At one time it must have been quite a prosperous locality going by a few very substantial buildings dating from around the 1880s. There is also a very large Catholic Convent here that has long since been abandoned with massive damage at one end. There is a sign saying 'This Heritage building is due to be repaired and restored in 2012/13'. Somehow, sadly, I think it has been forgotten!

Tomorrow, we'll head on up to Whitecliffs where there is opal mining, so a good look around that area is planned.


Sunday, 11 September 2016

Italy

We had opted for a trip to Pompeii and this included Sorrento as well. Some very fine inlaid furniture is manufactured here and of course we were directed through the premises of one such place.
The quality of workmanship - no doubt about it - was superb but while we could admire the finished pieces, we were happy to leave and spend an hour or so browsing the small streets before it was time for lunch.

Beautiful little boutiques held some really gorgeous linen ladies clothes and some serious money could easily have been spent here, however I restrained myself and only bought a few small gifts for family.

Heading back north we came to Pompeii and so joined the throngs of tourists following their little flag carrying guides through the ancient and astonishing ruins.

We had visited Pompeii in 1973 and found, that while some more excavation had been carried out and more areas opened to view, we thought that some areas where before wall frescos still had fairly bright paint, now they had faded considerably.

We were also not impressed with the giant 'antique' statues that had been placed in various areas supposedly to enhance the ruins - but in our minds were a distraction. I did my best to take photos from different angles to avoid them. It was an extremely hot day with hoards of other sightseers so after several hours of walking around, it was a relief to finally be driven back to our ship in air-conditioned comfort.

With only one more night before we finally disembarked at Civitavecchia we had a last 'dress-up' gourmet dinner, visited the live show one last time and said goodbye to the wonderful "BB King All Star" blues band which performed each evening and which we usually dropped in to listen to for an hour before bedtime. Great music from this band!

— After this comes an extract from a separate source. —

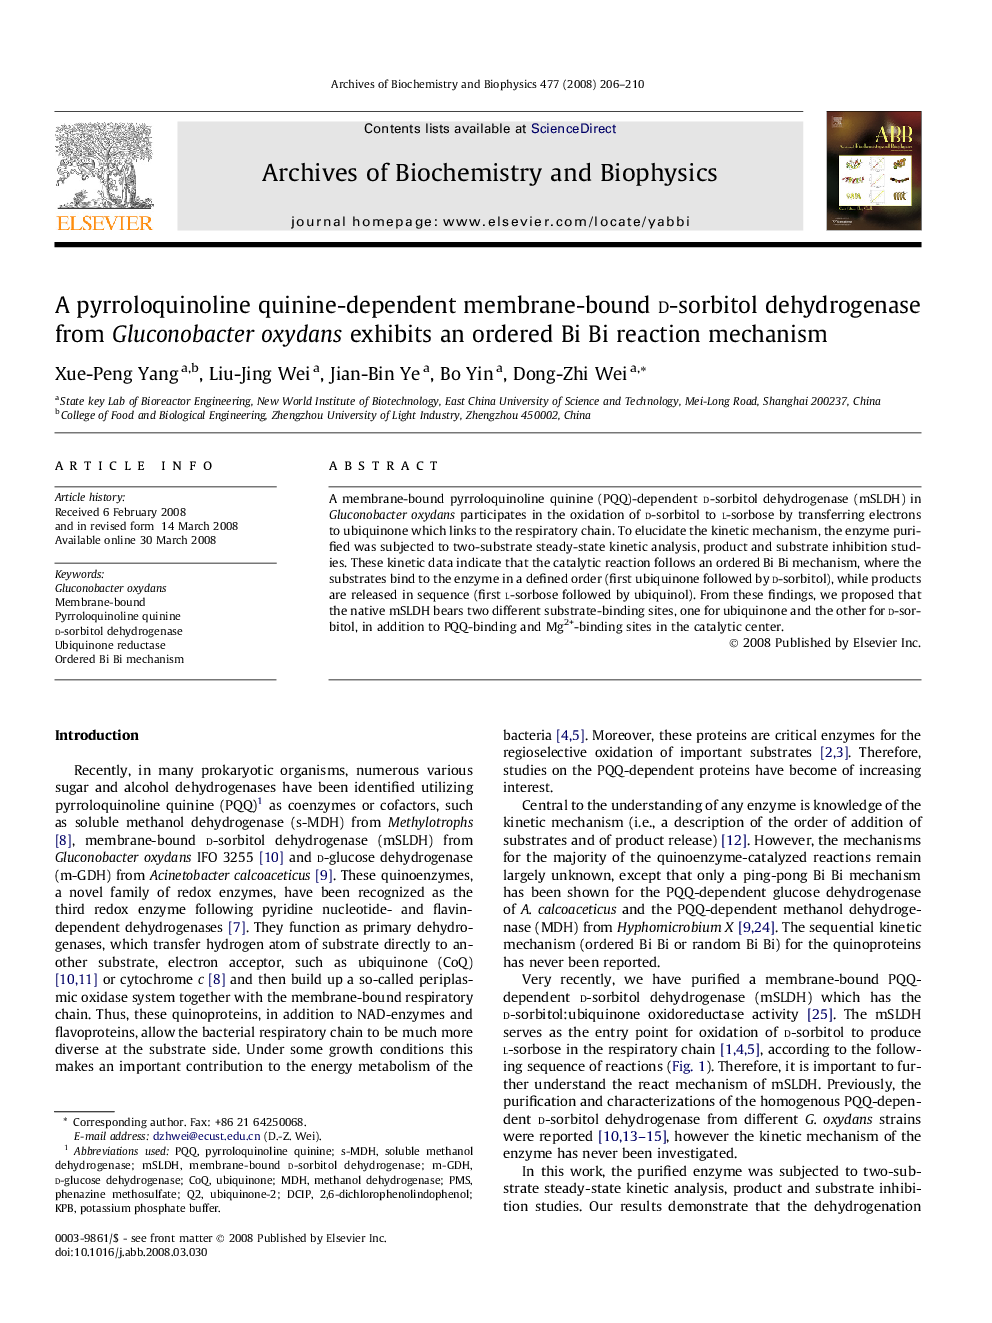 A pyrroloquinoline quinine-dependent membrane-bound d-sorbitol dehydrogenase from Gluconobacter oxydans exhibits an ordered Bi Bi reaction mechanism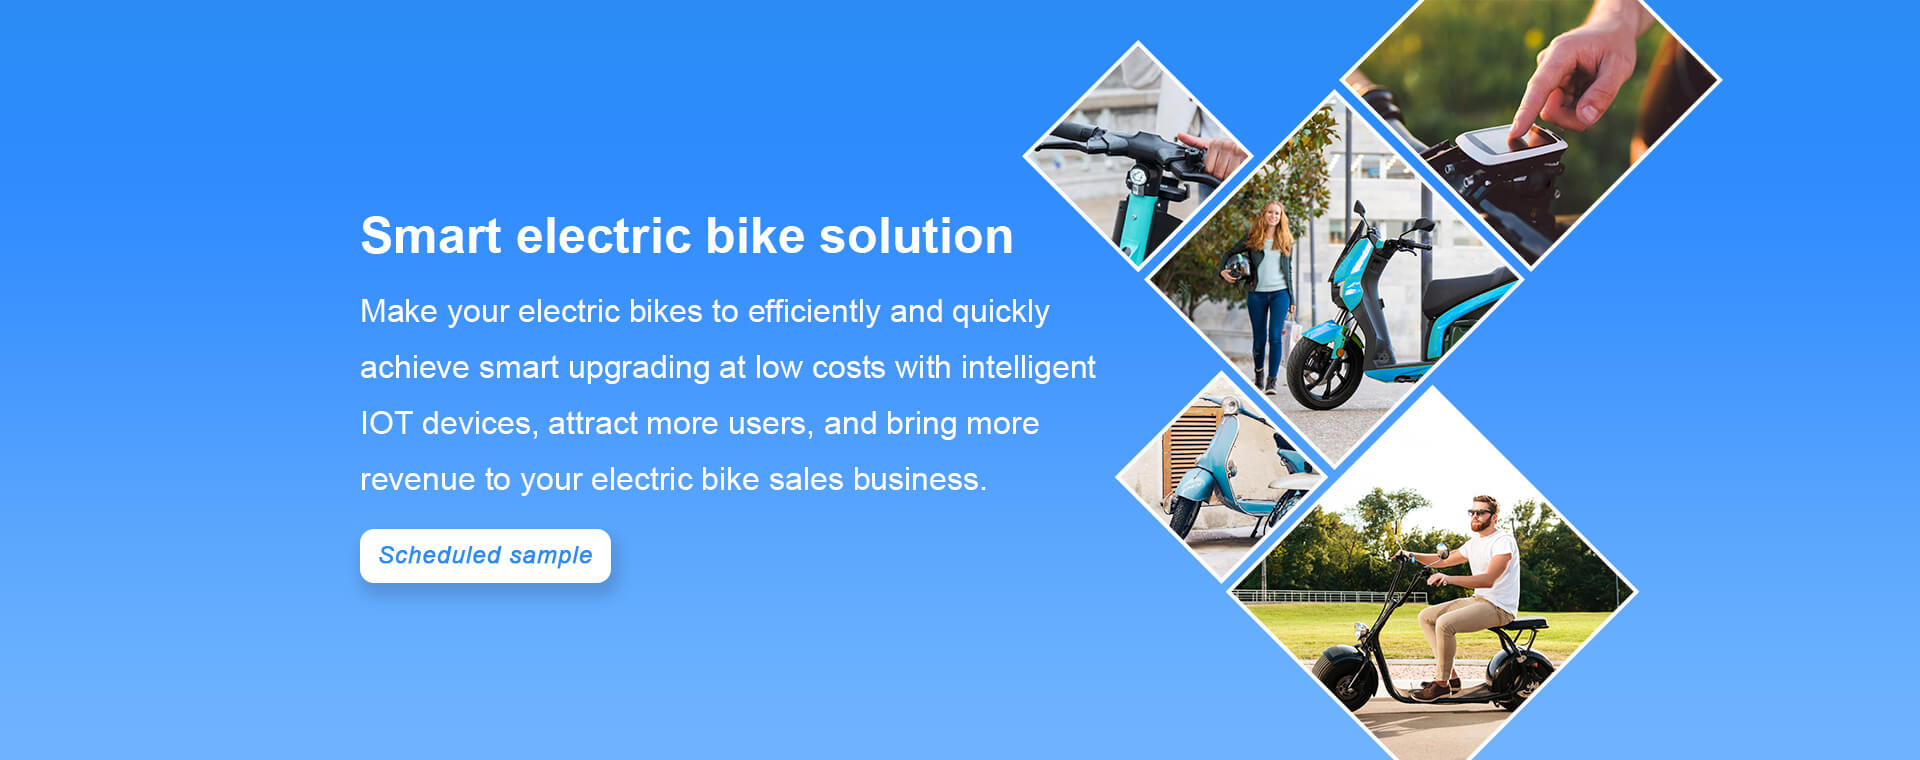 bicicleta elétrica inteligente

Cases packed and left outside our door for transporting off the ship, we slept well in our comfortable cabin (ahem, 'stateroom') and sailed through the night to dock in the early morning. We finally left the ship about 9.30, picked up our baggage and took the shuttle bus to the rail station for an hour's trip to Central Rome. 

Piazza Navona

By 1.30pm we were checking into our small hotel and were delighted to find that it is literally just around the corner from the wonderful Piazza Navona. On our own, we 'did as the Romans did' and had an afternoon rest in the heat of the day and ventured out later to explore the Piazza and sit outside the Cafe Bernini with delicious thin crust pizza with glasses of beer and rosé. 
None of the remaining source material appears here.